No sentence of a term years, received at the same time as a life sentence, can run consecutively to that life sentence. Bedell v. Com., 870 S.W.2d 779 (Ky.1993). This does not apply when the defendant was already on probation or parole at the time of the offense. See Stewart v. Com., 153 S.W.3d 789 (Ky.2005), in which the defendant had to serve-out a prior sentence before he could start his life sentence.
CONSECUTIVE VS. CONCURRENT
A later-imposed concurrent sentence is deemed to have commenced at the beginning of the original sentence. Lienhart v. Com., 953 S.W.2d 70 (Ky.1997), KRS 197.035(2).
Generally, a definite (misdemeanor) term of imprisonment must run concurrently with an indefinite (felony) term of imprisonment, and serving-out the indefinite term will satisfy both sentences. KRS 532.110(1)(a). This applies even when the sentences are imposed by different courts. Powell v. Payton, 544 S.W.2d 1 (Ky.1976).
However, although the general rule is that misdemeanor sentences must run concurrent to felony sentences, and that consecutive misdemeanor sentences cannot exceed one year, sentences for new felonies or misdemeanors committed while on probation can run consecutively to revoked felony or misdemeanor sentences.
Generally, when a new offense is committed while a defendant is still on probation:
A sentence for a felony committed while on felony probation must run consecutively to the probated felony sentence. KRS 533.060(2), Brewer v. Com., 922 S.W.2d 380 (Ky.1996). Although KRS 533.040(3) seems to require that the probation first be revoked before it can run consecutively, KRS 533.060(2) controls over KRS 533.040(3), so the sentences have to run consecutively regardless of whether the probation has been revoked.
Furthermore, although KRS 532.110(2) allows sentences to be run concurrently if the judgment does not specify how they are to run, in the case of felonies committed while on felony probation, the Department of Corrections will run those sentences consecutively, whether the judgment is silent on the matter or not. Riley v. Parke, 740 S.W.2d 934 (Ky.1987).
A sentence for a felony committed while on misdemeanor probation can run consecutively to the probated misdemeanor sentence, but does not have to. KRS 533.040(3), Warren v.
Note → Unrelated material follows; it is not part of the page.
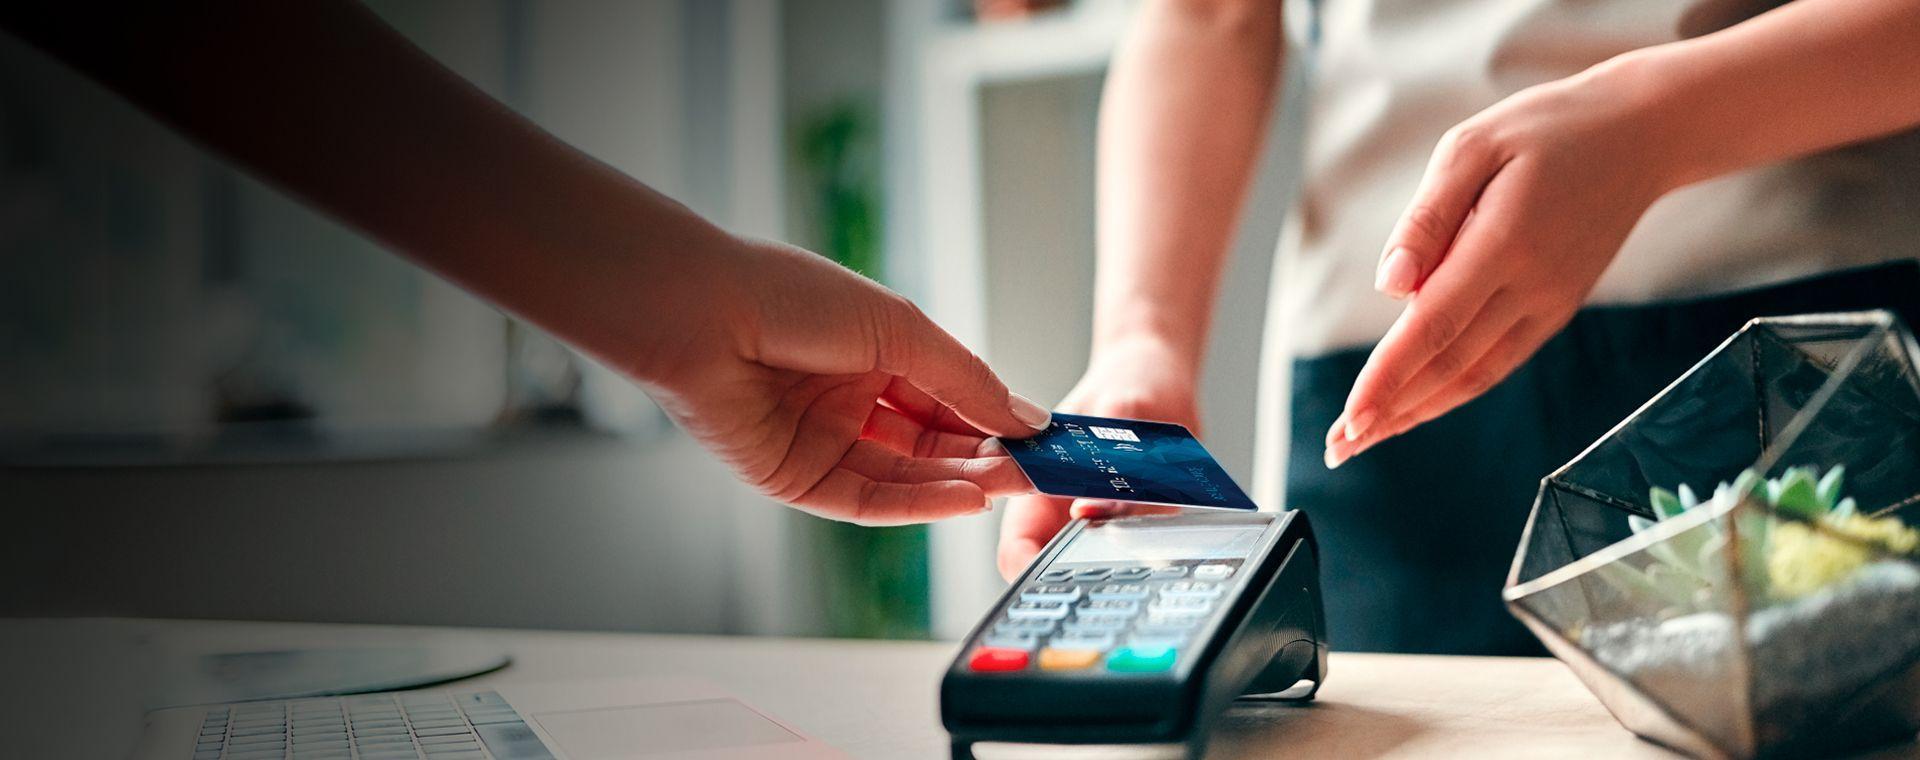 El uso de tarjetas de débito aumentó 14,29% en 2020

Com., 981 S.W.2d 134 (Ky.App.1998). KRS 532.110(1) requires the misdemeanor time to run concurrently with the felony time. On the other hand, KRS 533.040(3) says that a revoked sentence of probation can be run consecutively. Since the statutes conflict, the court can do either.
A sentence for a misdemeanor committed while on felony probation can run consecutively to the probated felony sentence, but does not have to. KRS 533.040(3), Snow v. Com., 927 S.W.2d 841 (Ky.App.1996). This is the same conflict between the same two statutes as above, with the same result: the court can run the sentences either concurrently or consecutively.
A sentence for a misdemeanor committed while on misdemeanor probation can run consecutively to the probated misdemeanor sentence, but does not have to. KRS 533.040(3), Walker v. Com., 10 S.W.3d 492 (Ky.App.1999). Although KRS 532.110(1)(b) prohibits aggregated misdemeanors to exceed 1 year, KRS 533.040(3) allows the sentences to be run consecutively when, and only if, the probated sentence has already been revoked.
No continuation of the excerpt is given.